## DATA
===
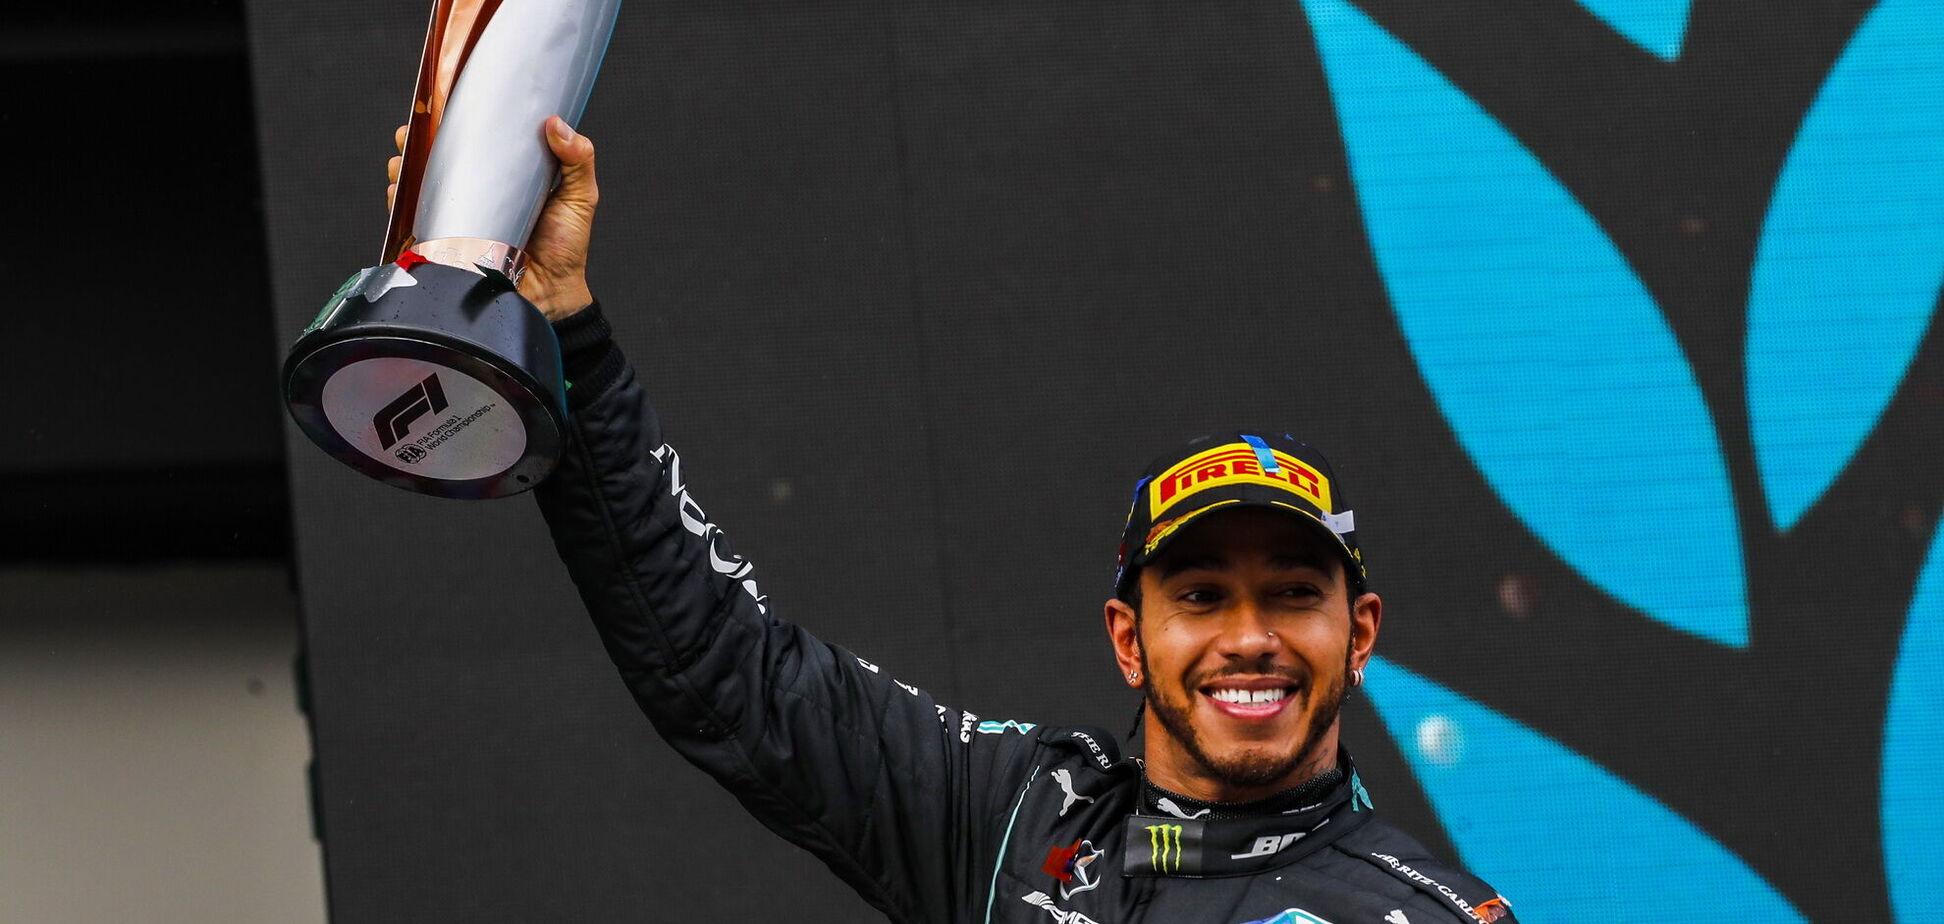 Гонщика F1 Льюїса Хемілтона посвятили у лицарі
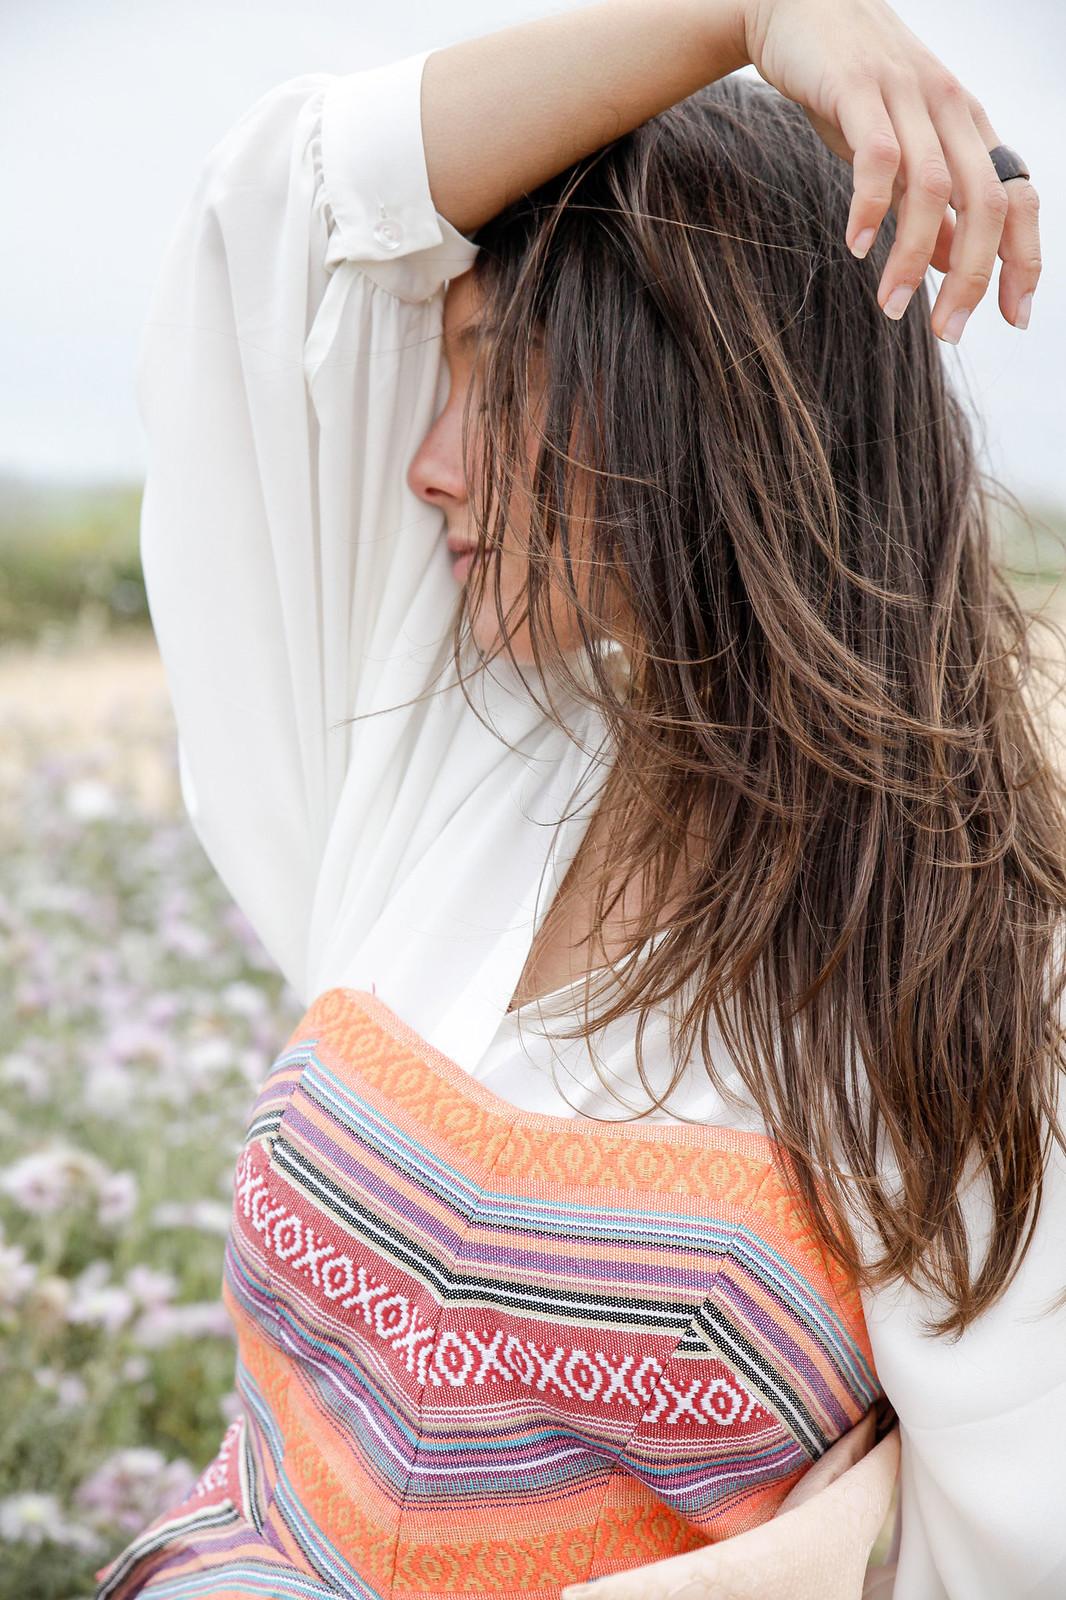 08_corset_etnico_danity_paris_theguestgirl_influencer_barcelona_laura_santolaria
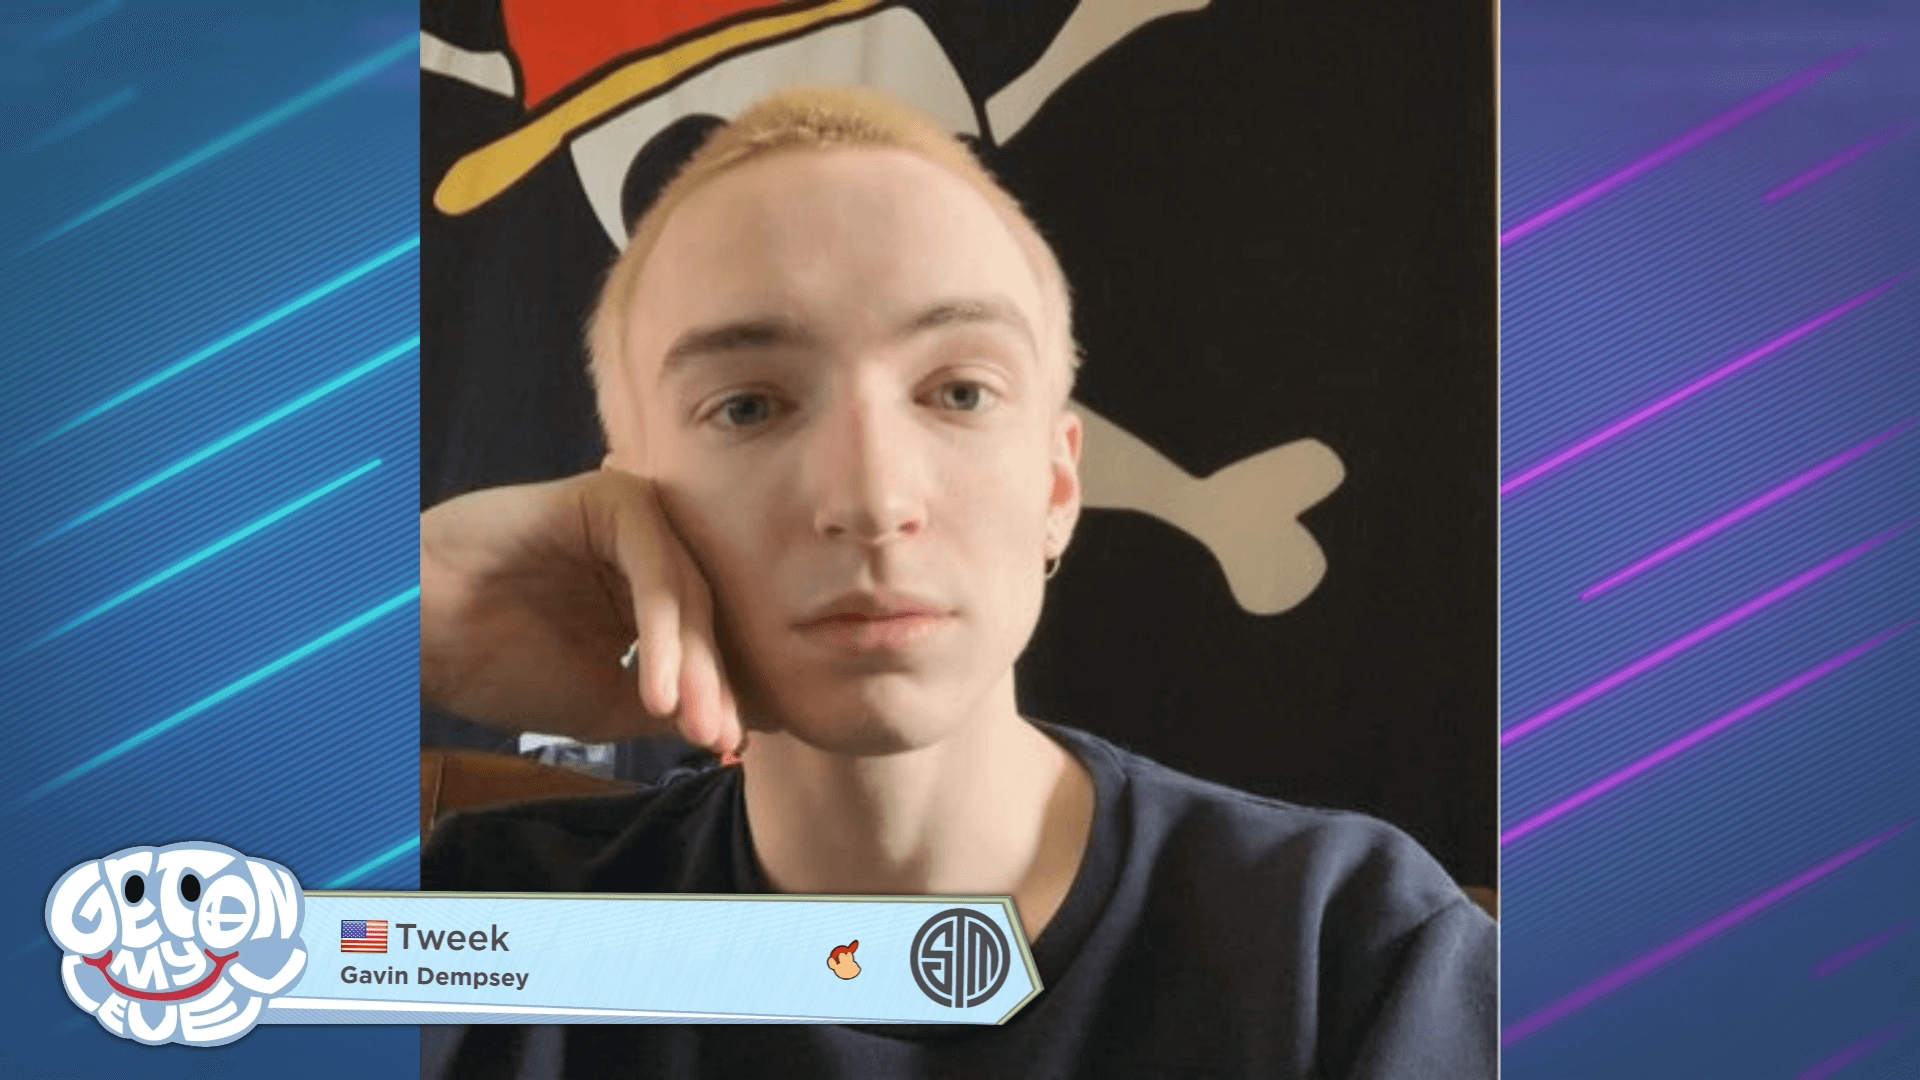 Tweek wins Get On My Line 2020, an Online Smash Event
===
## WHAT YOU NEED TO DO
Please keep every line of the data the same when you reproduce it, and keep every picture out.

## RESPONSE AREA
 Гонщика F1 Льюїса Хемілтона посвятили у лицарі
 08_corset_etnico_danity_paris_theguestgirl_influencer_barcelona_laura_santolaria
 Tweek wins Get On My Line 2020, an Online Smash Event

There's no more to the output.